I ended up deleting that comment, feeling like I shouldn't have written it because it made people uncomfortable...but, I'm entitled to my experiences too, and I am also entitled to express them. My sister was brave enough to write that she felt like an outsider, why didn't I have the same right? The answer was that I do. I just hadn't given myself that permission yet. My mother has been gone 9 years and I was still operating under the old rules. Still feeling that if I acknowledged my pain or my affection for Daddy that I was somehow going to hurt Dad.
After Daddy died, while playing with the neighborhood kids, some would taunt me and say that I didn't have a dad. That my dad was in "a deep dark hole". After Mom remarried, I was able to respond to them that I actually had two dads, one in heaven and one in my house. I had forgotten that along the way. So, now that part of my voice is back.
I have two fathers. Daddy gave me life, and Dad gave me a life. Without one or the other, my experiences would've been very very different.
My husband and I are both on marriage number two. He has a wonderful relationship with his adult son's mother and her family. No one is an outsider...not even me.

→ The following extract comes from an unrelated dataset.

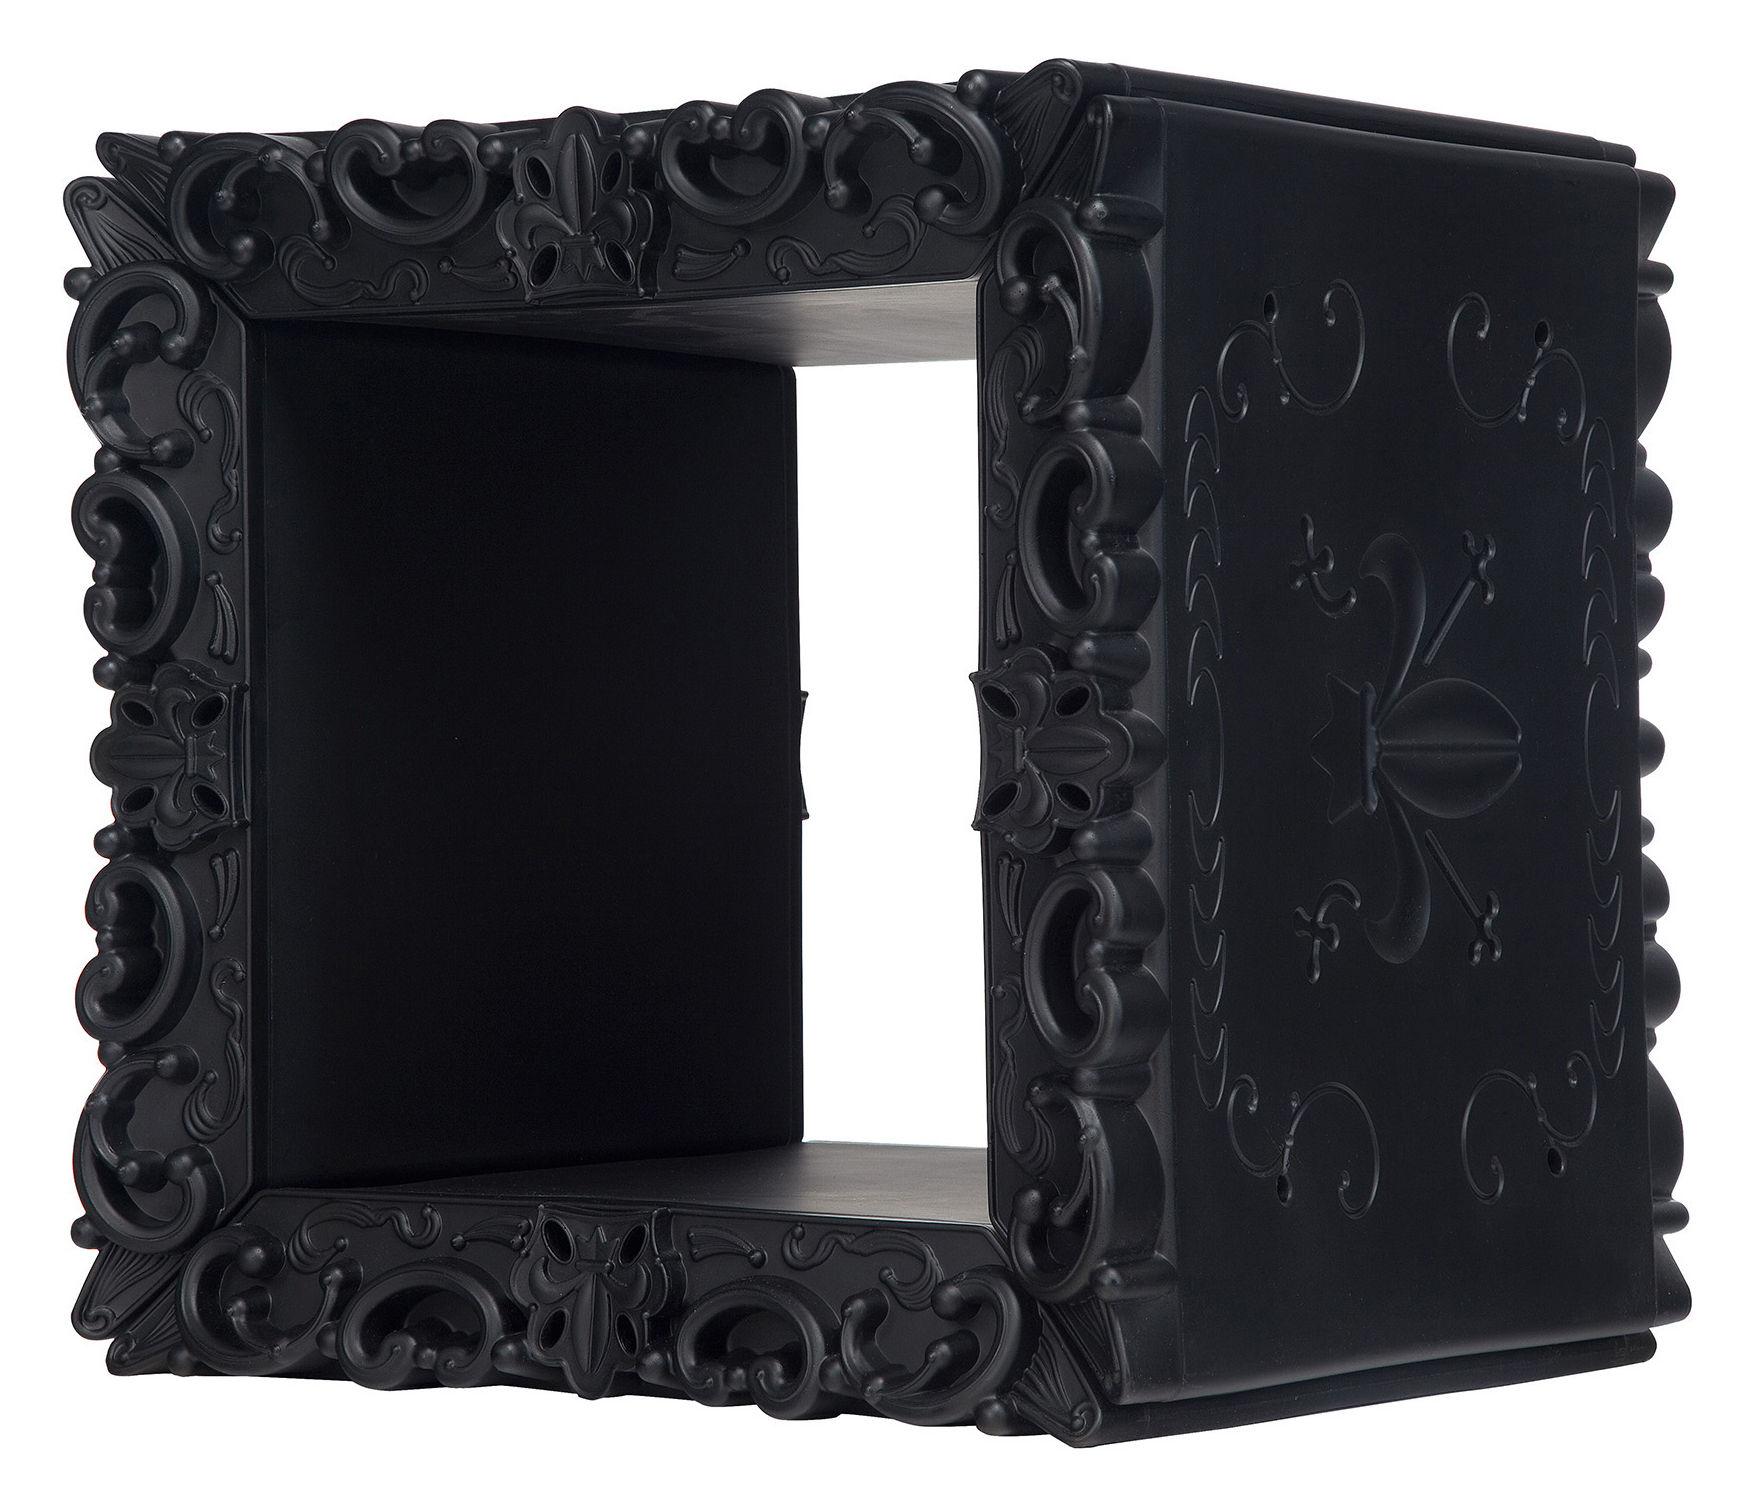 Arredamento - Scaffali e librerie - Scaffale Jocker of Love - /Cubo modulare - 52 x 46 cm di Design of Love by Slide - Nero - Polietilene rotostampato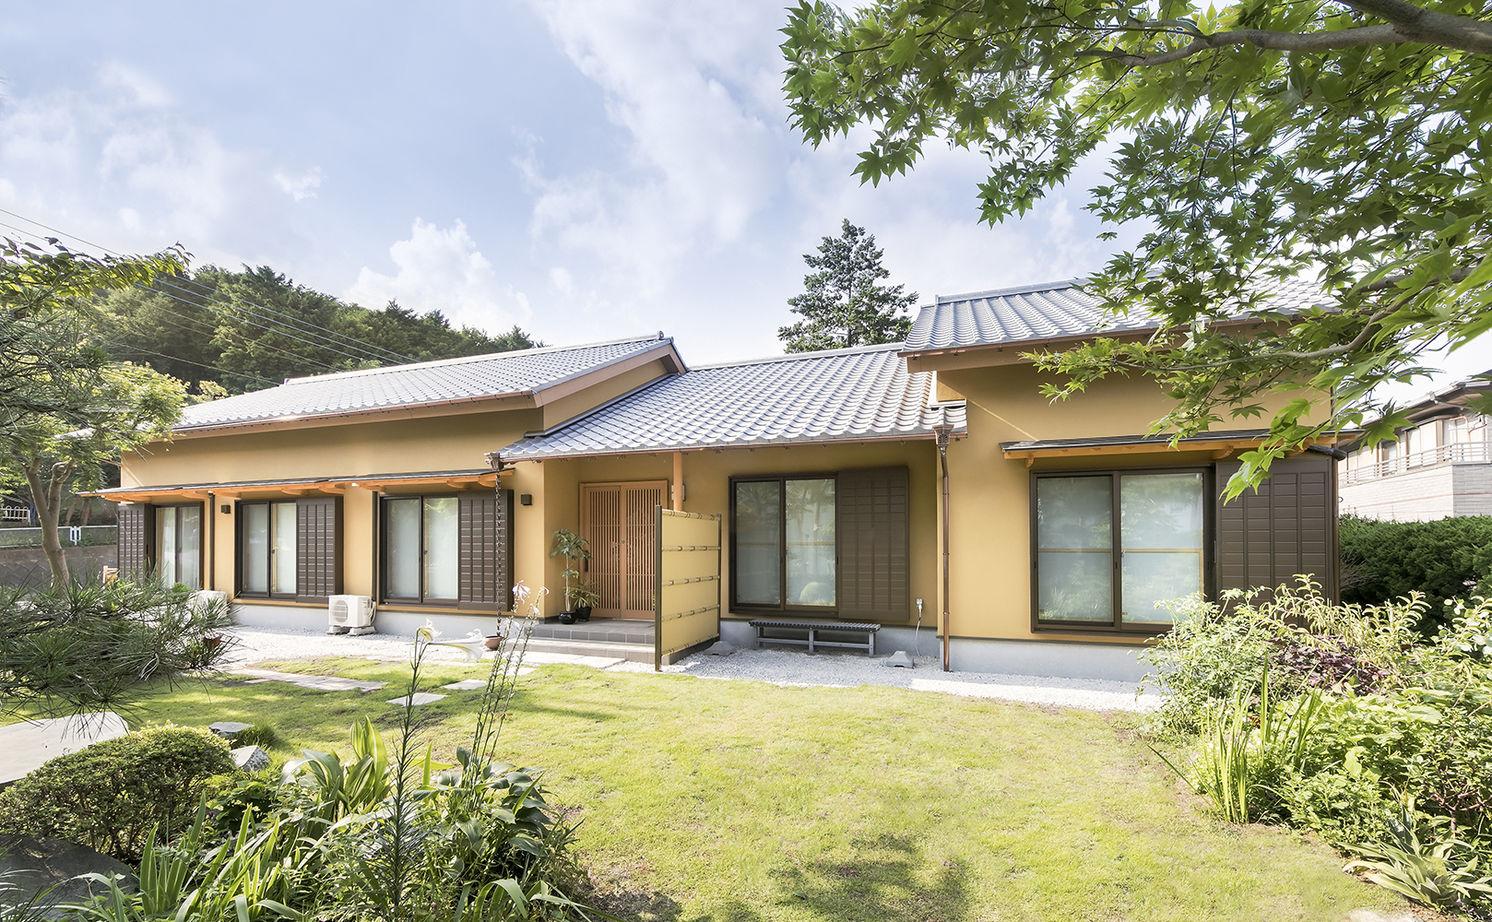 【純和風】【平屋】【二世帯住宅】檜が香る美しい純和風建築のフル装備住宅画像1

This is how it should be. Love should be inclusive, not exclusive. My daughter knows who Grandpa Gene (Daddy) is, just like she knows who Granny Emma (Gramma) is, though they both died long before she was born.
Families are not neat and tidy Hallmark or Norman Rockwell images. They are complicated, messy, intertwined, intermingled, co-ops. Because of this not everything we experience within those families is all sugar and spice either. While it is important to be respectful of other's feelings, it is not ok to deny your own. You are entitled to express the experiences you had, even if they differ from those of others who shared the same event. It doesn't make your experience less valid.